The modern ransomware age began with CryptoLocker in the year 2013. In the upcoming years, it is expected that attackers will go one step ahead to become business-minded and increasingly sophisticated - causing an increased threat to organizations. According to FBI estimates, the loss incurred as a result of ransomware in the year 2016 was around $1 billion. Data was hacked, and computers were locked up, holding crucial information in exchange for a ransom. Unfortunately, dozens of countries and thousands of businesses were attacked in this cyber-extortion including government agencies, hospitals, and industry giants.
Ransomware: Definition and Concept
Ransomware is the type of malicious software that infiltrates computers and other devices to capture crucial data. The owners of the data are locked out while the data itself is used to threaten and demand money to provide the access back. The victim is pressurized to make payments to the attacker by a mere promise to restore the access to the data. To get the decryption key back, victims pay the ransom according to the instructions of the attacker
Depending on the type and importance of the data, the ransom cost can be anything from a few hundred dollars to millions. Usually, the payment is made in the form of Bitcoin.
How Does It Work
There are various ways through which an attacker can access a computer. The phishing scam is the most common delivery system used by cybercriminals. They send attachments in an email, masking it as a trustable file to encourage them to open or download it. Once the action is taken, the attackers get instant access to the victim's computer. Then there are more dangerous and aggressive types of ransomware, such as NotPetya, which exploit and enter through the information security gaps to take over computers and restrict access. In such a case, the cybercriminals do not have to trick users into opening a file or allowing administrative access.
With access to the computer, there are many things attackers can do. However, the focus is on encrypting the important data and files that are valuable to the user. The attackers lock the user out of the system, and the files cannot be decrypted without the decryption key that only the attacker knows about. The victim then receives a message from the attacker explaining what happened to the files, why they are inaccessible, and how only a ransom payment through untraceable Bitcoin can help them recover access.
Sometimes, the attacker may even present himself/herself as a law enforcement agency, claiming to shut down the computer or lock files due to the presence of pirated software and pornography on it. They ask for the ransom as a fine to avoid reporting the attack to authorities.
Another variation of ransomware is doxware or leakware. Usually, this involves sensitive information that's worth a lot of money to the organization. The attacker threatens to leak or publicize sensitive data unless the user agrees to pay the ransom. But since identifying and extracting such information can be quite tricky for a random attacker, most stick to the encryption ransomware to make easy money.
Common Ransomware Targets
Attackers also do their homework and choose the company they want to target for ransomware. In some cases, it's a random pick and a matter of opportunity. Universities and hospitals are at risk because their information security measures are not considered strong enough. Moreover, they also tend to have disparate users, who may open random files without a check. This makes penetrating in their systems easier.

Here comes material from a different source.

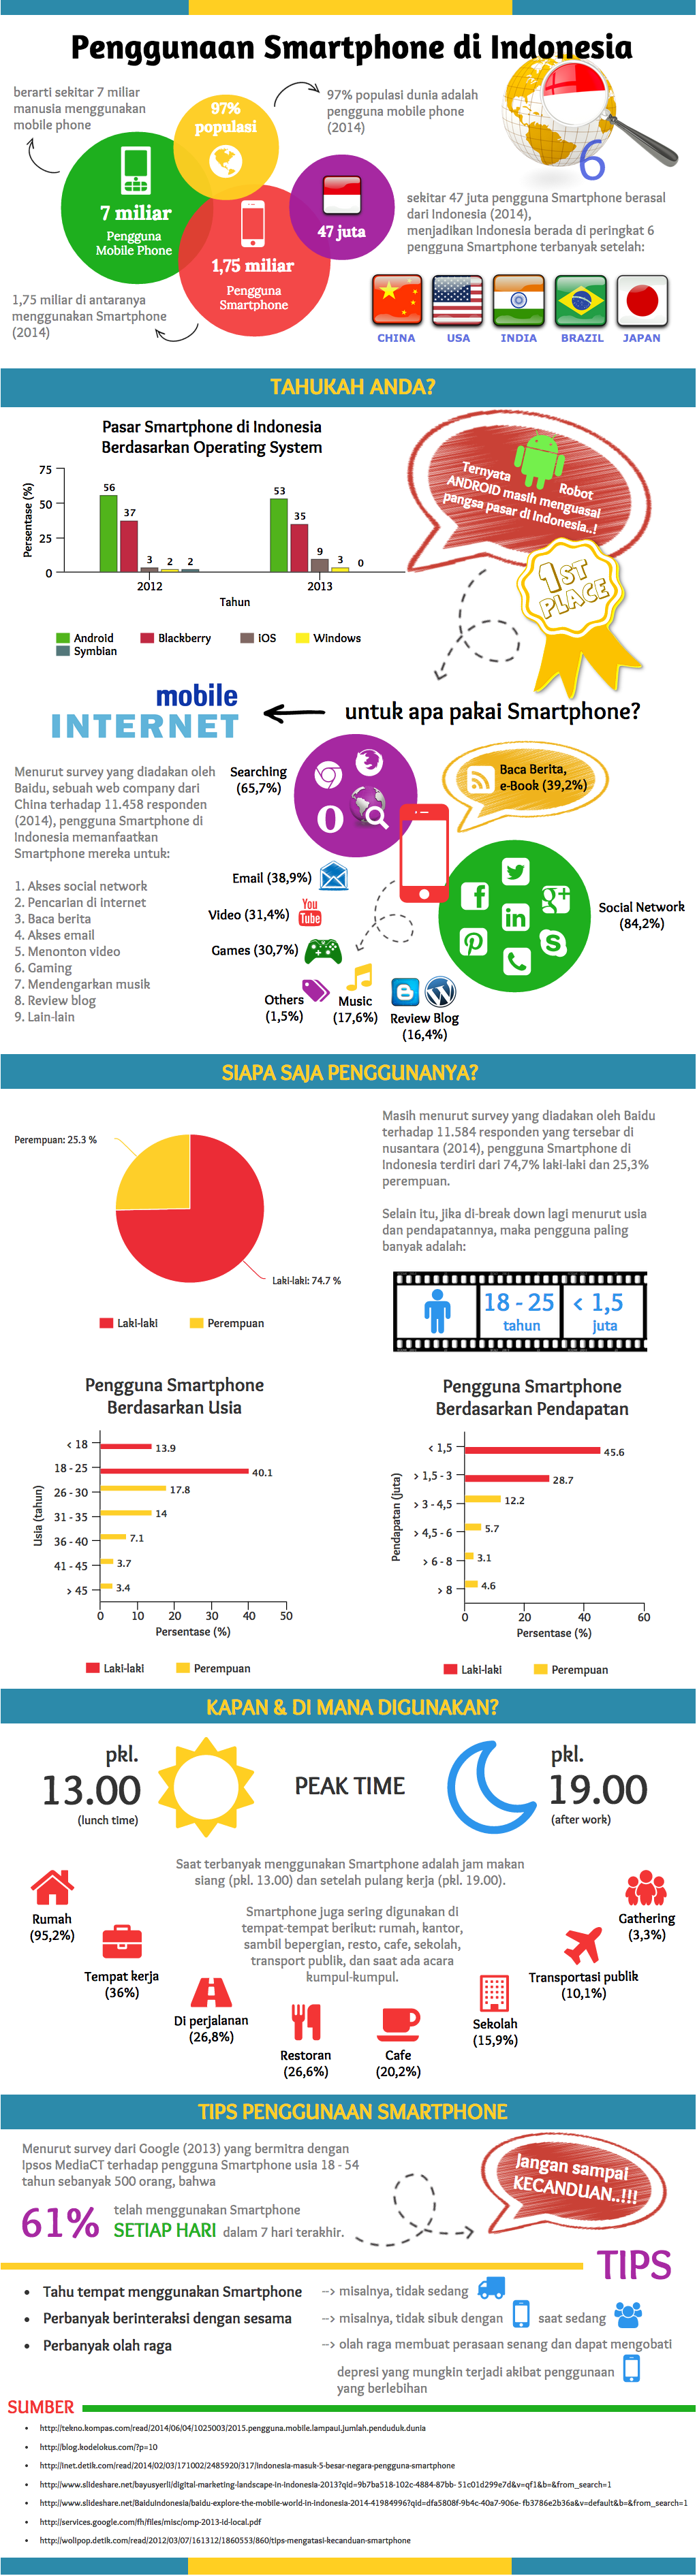 Penggunaan Smartphone di Indonesia - Infografis

Similarly, some organizations seem easy targets as they are likely to pay money more quickly. Medical facilities and government agencies have data with sensitive information, and they immediately want to restore access to their files. Other organizations, such as law firms, may also be willing to pay without even reporting to the authorities to keep the news of compromising with cybercriminals a secret. Such organizations appear more tempting when attackers are choosing their targets. However, any organization with weak security measures can fit into the vulnerable category. It has been noted that some ransomware spreads indiscriminately and automatically across the internet.
The Ideal Preventative Measures
In addition to strengthening your information security system through data security training, an organization must take various defensive measures to prevent becoming a victim of ransomware infection.
The following are a few general security practices that could offer great results as far as improving your defenses is concerned.
- Stay up to date with your operating system and keep it patched. This is to ensure you have fewer security gaps and vulnerabilities to exploit.
- Do not open, download, or allow any administrative privileges on software unless you can recognize it.
- Install a strong and reliable antivirus software to detect malicious programs - including ransomware as you receive one on your computer. Also, it is prudent to keep a whitelisting software on hand to prevent running any unauthorized application.
- Always back up your files. Automate the system and make sure it happens frequently. While this cannot stop the attack itself, it can make the damage less significant.
As mentioned earlier, a phishing attack is one of the most common methods cyber criminals use to get into your network. The idea is to trick the user into opening or downloading risky links. This is where security training comes in. An employee must be able to differentiate between the right and wrong emails to avoid ransomware to gain a foothold on the system. Providing the right training related to information security can reduce the threat of human error, which could directly lead to ransomware infection.
As cyber-attacks continue to become more modern and sophisticated, an organization needs to implement strong response and destructive tools to be more prepared to deal with the risks. Provide cyber security training and certifications, such as Certified Information Systems Security Officer, as well as CompTIA Advanced Security Practitioner, and take all the important measures to identify, prevent, and recover from ransomware.